I successfully create a program using optixPrime with a combination of:
- call to optiXprime
- do stuff that are computationally expensive en CPU
- go to 1) until I converge.
I now want to MPi-ize my code. There are 3 reasons for that.
-A) I want to speed up my computation using more core for part 2) , using all the core available on a machine
-B) I want to speed up my computation across multiple machines
-C) I want to be able to use more memory
And, I am aware that optixPrime detect the number of core on your local machine and launch the corresponding number of threads.
I am considering 2 approaches:
- make load balancing
1a) call to optiXprime on different machine, but on thead 0
1b) recover information from 1a) and send it to all the other thread locally on the machine
2a) run on each CPU, for all thread on all machine stuff that are computationally expensive en CPU
2b) for each machine, for each thread, send information to thread 0 (so optixPrime can be run on it)

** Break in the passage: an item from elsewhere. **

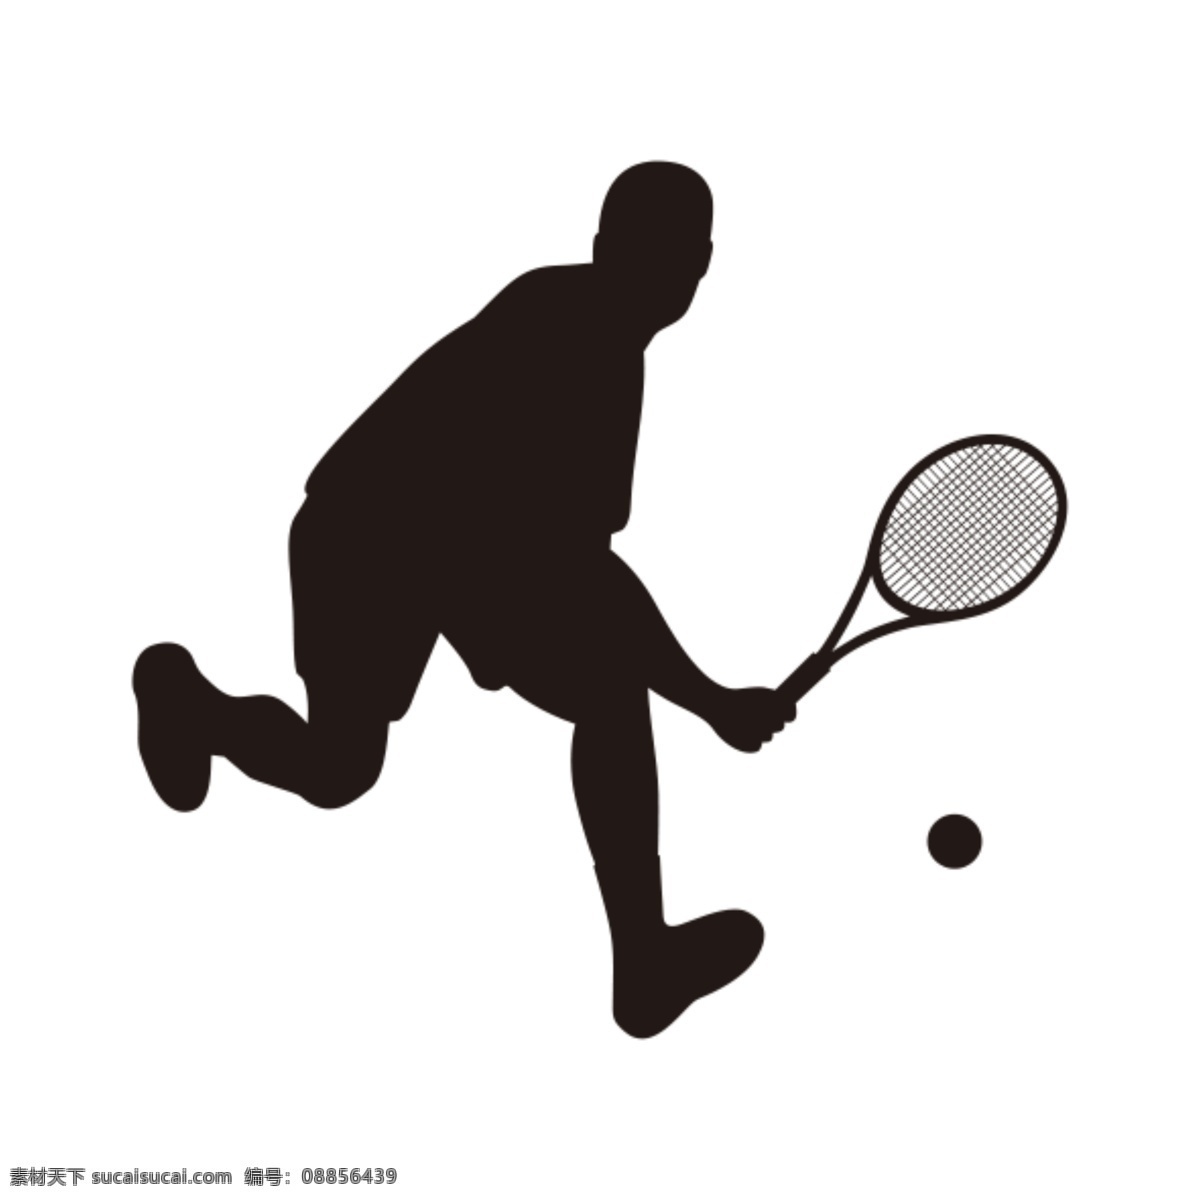 网球运动 打网球动作 网球运动员 打网球剪影 网球人物剪影 网球矢量剪影 网球比赛 网球赛 网球训练 打网球线稿 矢量网球线稿

- Communicate convergence information between all machine and check if convergence is achieved, if not go back to 1)
- make load balancing
- call to optiXprime on different machine, for all threads
- run on each CPU, for all thread on all machine stuff that are computationally expensive on CPU
- communicate convergence information between all threads and all machines and check if convergence is achieved, if not go back to 1)
I would rather go with approach 2) to minimize communication but approach 1) might be more interesting for memory reasons (question C)
So, finally, here are my questions: I would like to know:
A) If I am launching several instance of optixPrime on the same machine, is there a way to limit the number of cores launched by an instance of optixPrime ? (Approach 2) )
Edit: What I want to do is to limit the number of instance to 1 thread so avoid launching N*N thread of optix Prime, N being the number of cores (In the case I launch my application with mpirun -np N myApplication)
B) If I want to use MPi accross multiple machines, do I need to use the same GPU ? or is using the same optixPrime version as well as the same cuda drivers is enough ?
C) If I am launching several instance of optixPrime on my machine, is this possible to share some of the geometry structure to minimize my memory overhead. (I looks very unlikely, but maybe that is the case ?)
Some an additional information: I do not want to go to optix for now (and use full CUDA) because of the memory limitation inerrant to the GPU. I foresee that if I do a GPU implementation, the only way I can fit all my data is in a 4Go Gpu or more and as a significant part of that data needs to be written by all the threads (and there are no way I can separate the domain since everything is interconnected), I would need to use atomic operation all the time which will - according to what I remember - annihilate all the advantage of using the GPU.
In the case I use a CPU implementation, each thread will have enough memory to be run and I can perform the necessary post-treatment to addition the sampled data coming from all my threads.
I could consider to use that approach on GPU as well, but I foresee a requirement of 100Mo of data to be written per thread, so it will limit quite a lot the number of “thread” I would launch on a GPU if I did not want to use atomic operation. (I foresee at least 2 Go or more of overhead due to the geometry and the geometry structure)
If my understanding is not correct, please correct me.